Legal & General Group (LGEN) has defended its decision to retain Royal Dutch Shell ‘B’ (RDSB) as one of the top stocks in its climate-conscious fund despite a pension client raising concerns about the oil corporation’s inclusion. PensionBee, an online pension provider that handles £650m worth of client assets, said it was being inundated with questions from its customers about the composition of one of Legal & General Investment Management’s Future World Funds, which counts Shell among its top 10 holdings. “While Shell has made some progress in the right direction, our customers are asking us on a daily basis whether Shell’s business model is sufficiently transitioning to a low-carbon economy to warrant continued inclusion in this responsible investment plan,” PensionBee’s chief executive, Romi Savova, said in a letter sent to LGIM this week. PensionBee, which has more than 60,000 customers, is believed to be one of the fund’s top five owners, with about £50m invested.

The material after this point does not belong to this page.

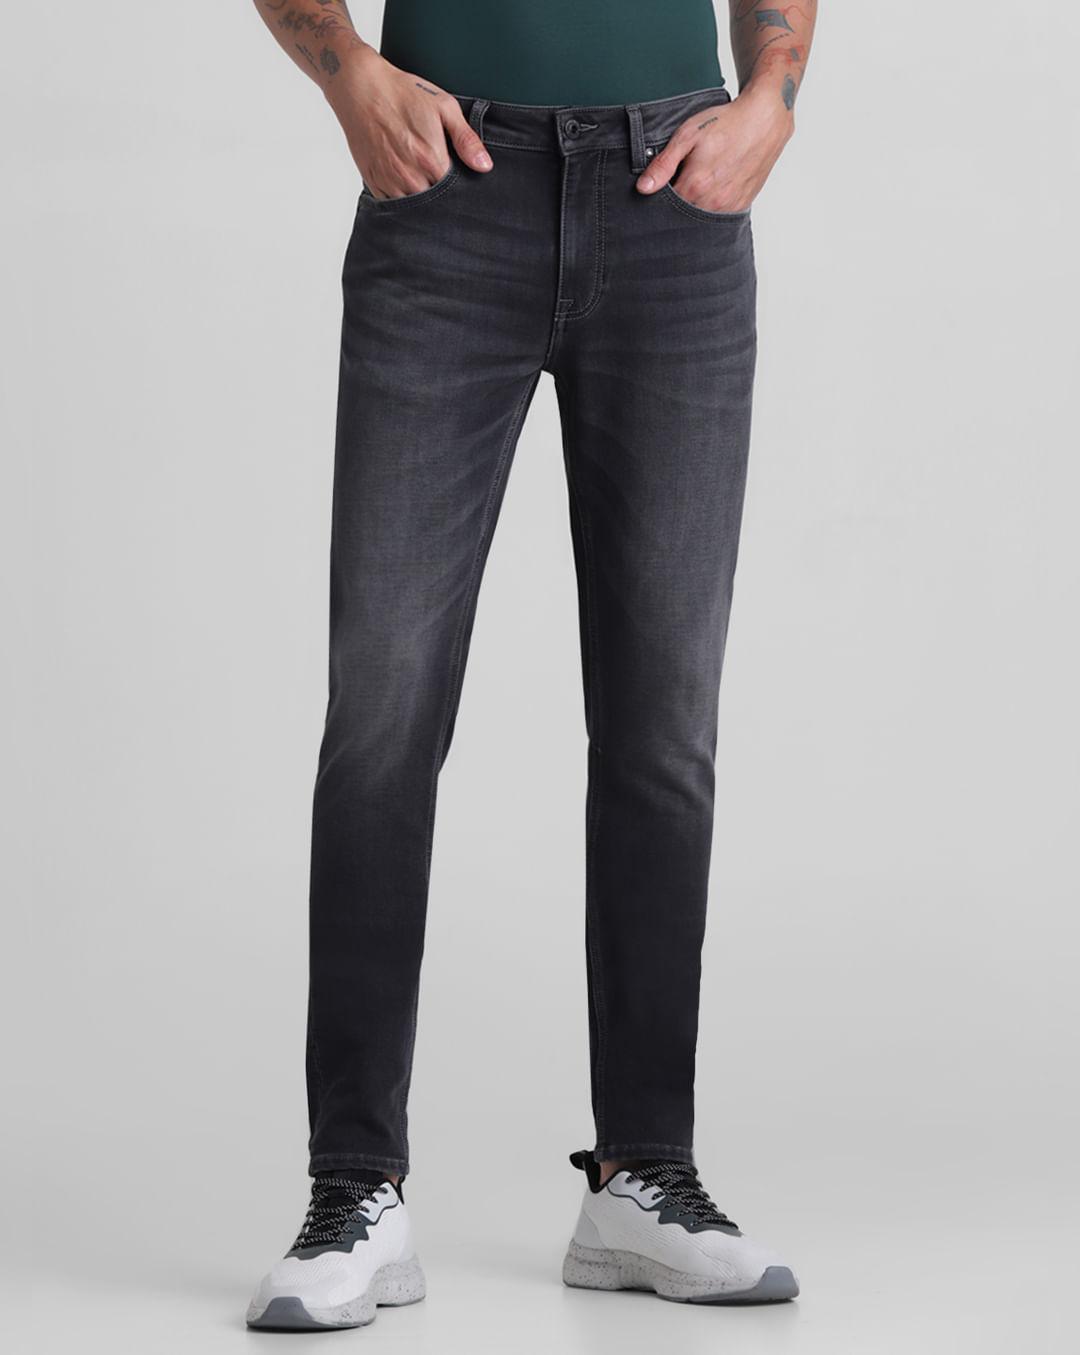 black-low-rise-liam-knit-skinny-jeans

Marks & Spencer Group (MKS) has hired a senior Tesco executive to lead its latest attempt to reinvigorate its struggling clothing business. Richard Price, the head of Tesco’s F&F clothing and homewares label, has worked at M&S before. He spent seven years with the chain, rising to become menswear director, but left in 2012 after becoming disillusioned with the then M&S strategy. Price said: “I left the business because I felt it was drifting in the wrong direction but now feel we have a real chance to make it special again. The new team has already started to improve product and value and I am looking forward to working with them.” The 52 year-old businessman, who also ran the now defunct department store chain BHS for three years, is a more orthodox choice than his predecessor Jill McDonald, a former boss of Halfords and McDonalds who had no fashion experience before joining M&S. She was sacked in the summer after failing to buy enough stock to meet demand of a range promoted by TV presenter Holly Willoughby. M&S boss Steve Rowe described the stock levels as the worst “I have ever seen in my life”.
British American Tobacco (BATS), Imperial Brands (IMB) – New York City could ban flavored vaping products as soon as next week, in a move that would make the metropolis of 8.6 million people the most populous place in America to ban flavored e-cigarettes. The backlash against flavored e-cigarettes has gained momentum after a vaping-linked illness swept across the United States, killing at least 40 people and sickening 2,000 more. Vaping bans have emerged in an effort to curb e-cigarettes’ appeal to young people. New York City was also home to one of the youngest victims of the epidemic: a 17-year-old Bronx boy, who died this October from complications related to the illness. The ban would halt the sale of all flavored e-cigarettes in New York City, except tobacco flavors. Already, there appears to be majority support for the measure in the city council, and the mayor, Bill de Blasio, said he supports the measure. Juul, which dominates the vaping industry, had already stopped selling flavors other than tobacco and menthol in an effort to stymy criticism.